WHAT YOU WILL DO ->
Nothing but the lines from the one containing "abundan (conjugacin)" through the end of the data should be retyped, exactly as they stand, and pictures should not be retyped.

DATASET CONTENT ->
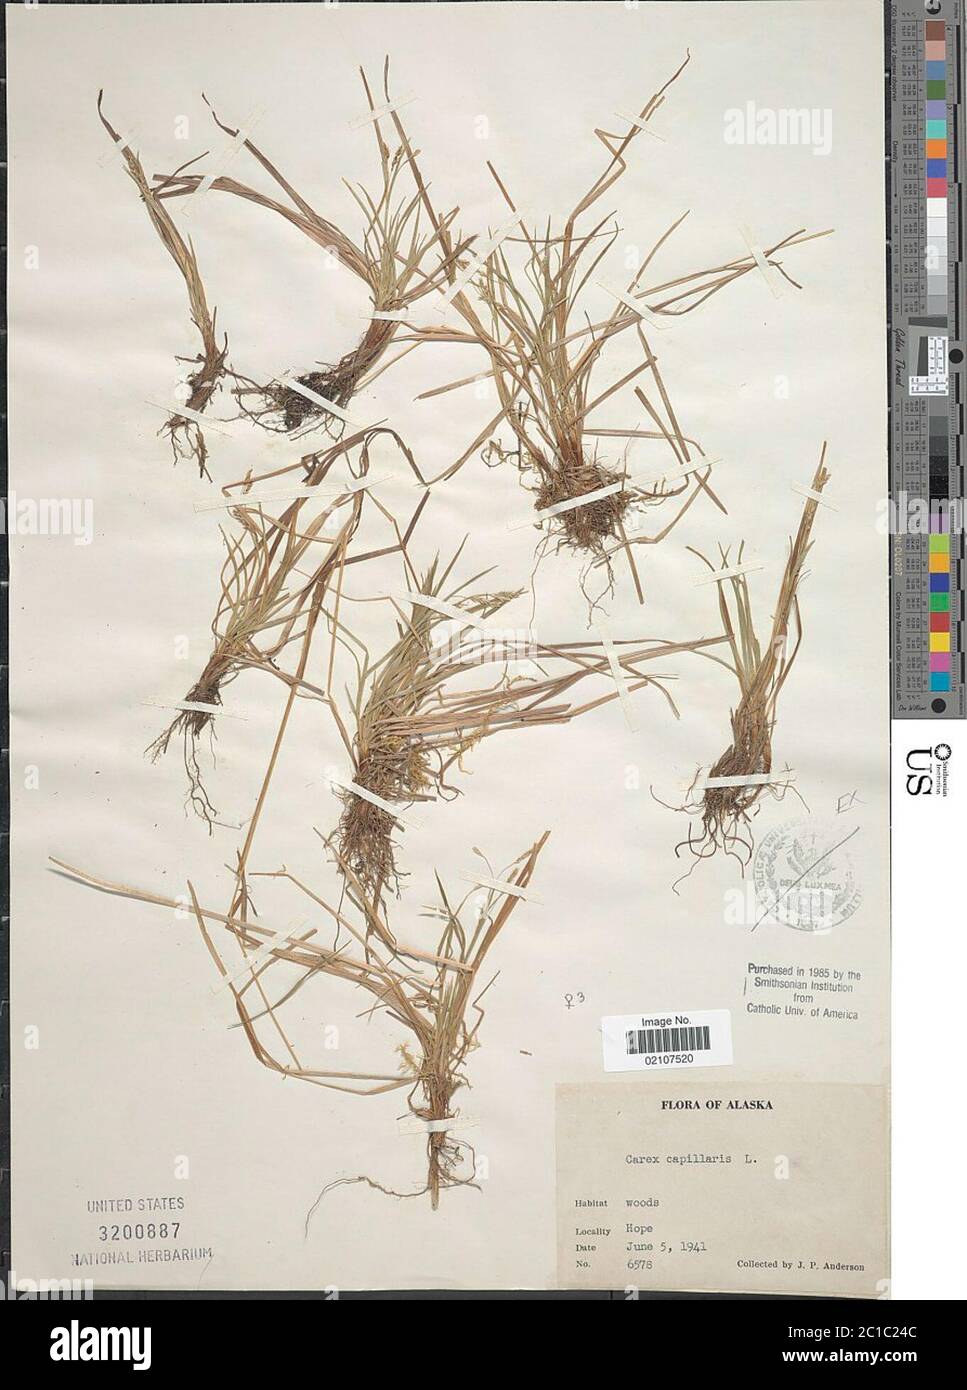 Carex capillaris L Carex capillaris L. Stock Photo
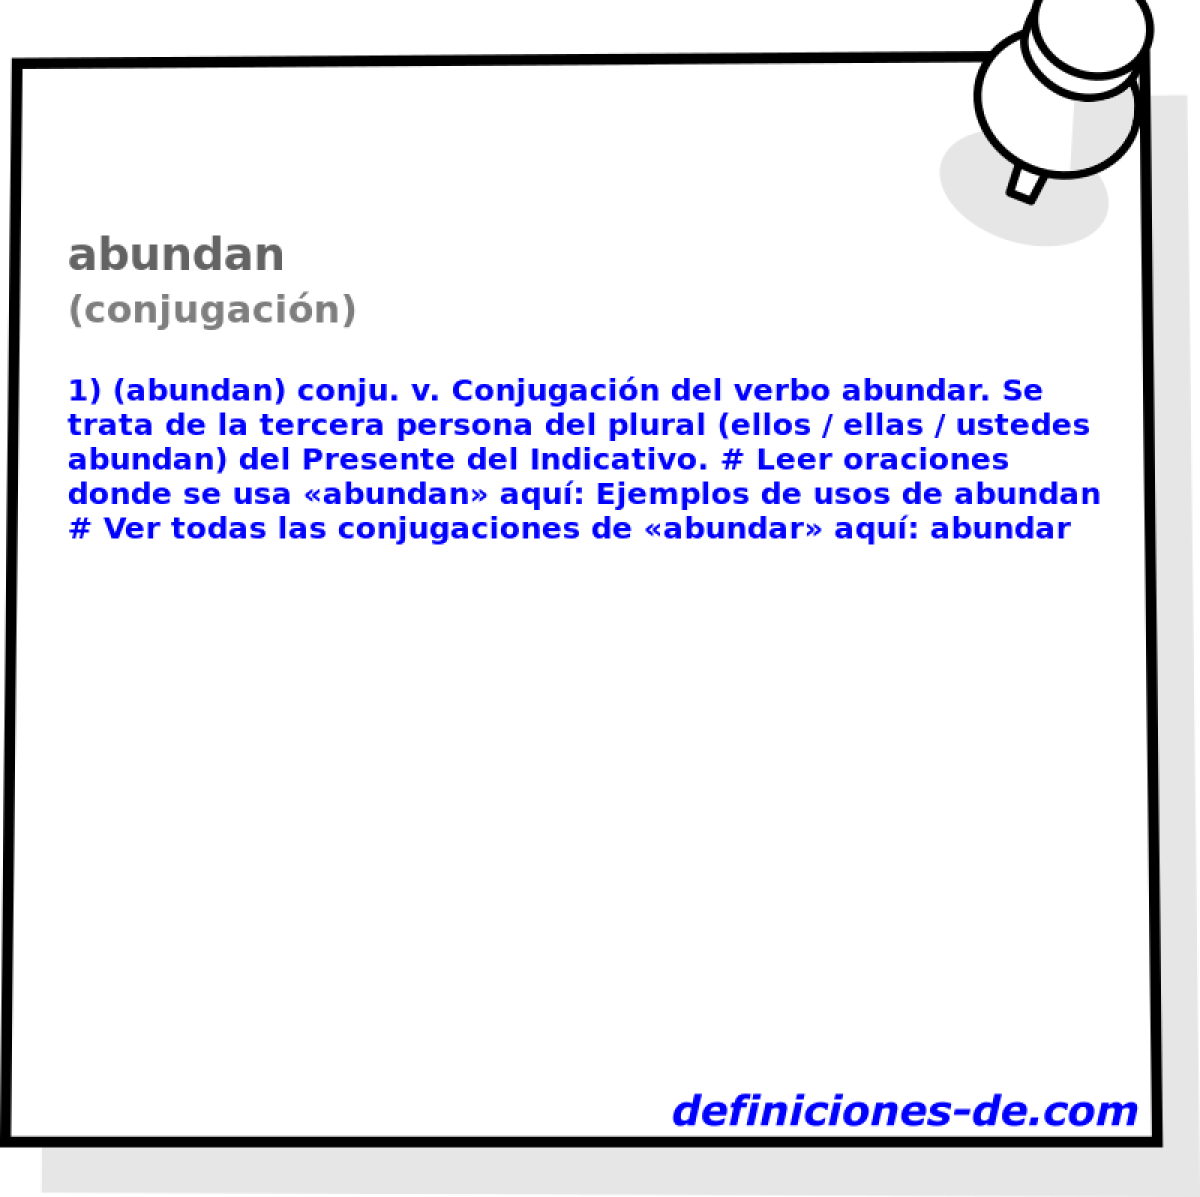 abundan (conjugacin)
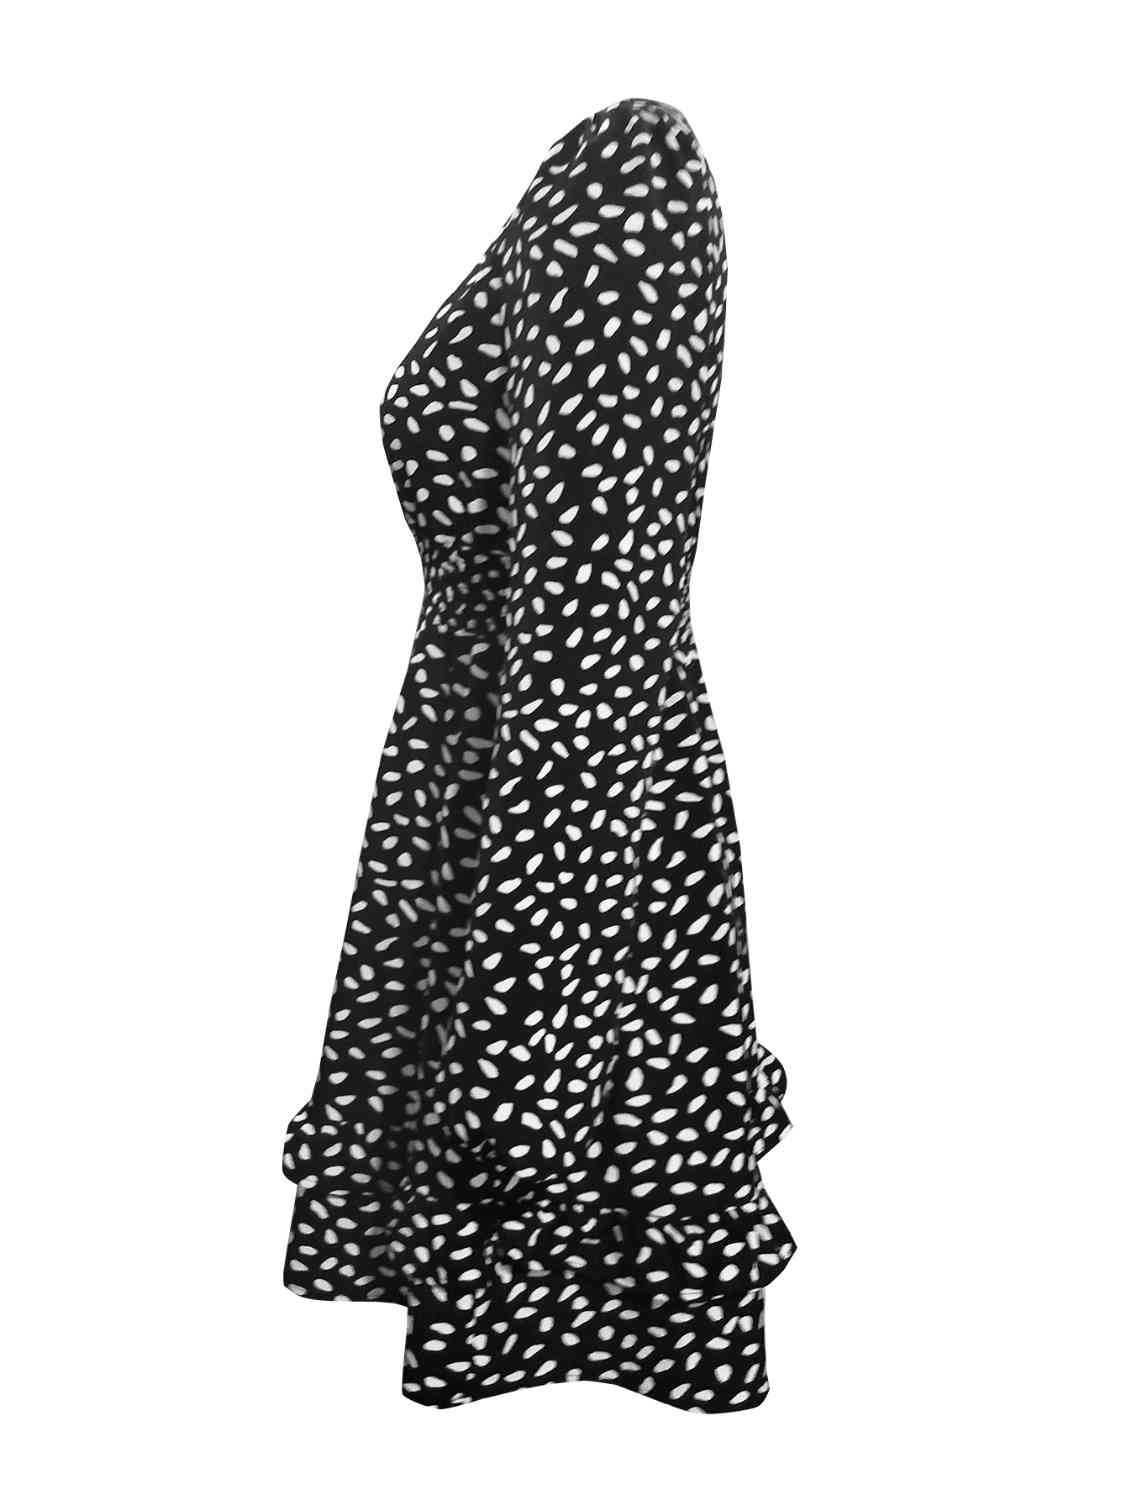 Printed Ruffle Trim Smocked Mini Dress | Fashionsarah.com

EXERCISE ANSWER ->
 abundan (conjugacin)
 Printed Ruffle Trim Smocked Mini Dress | Fashionsarah.com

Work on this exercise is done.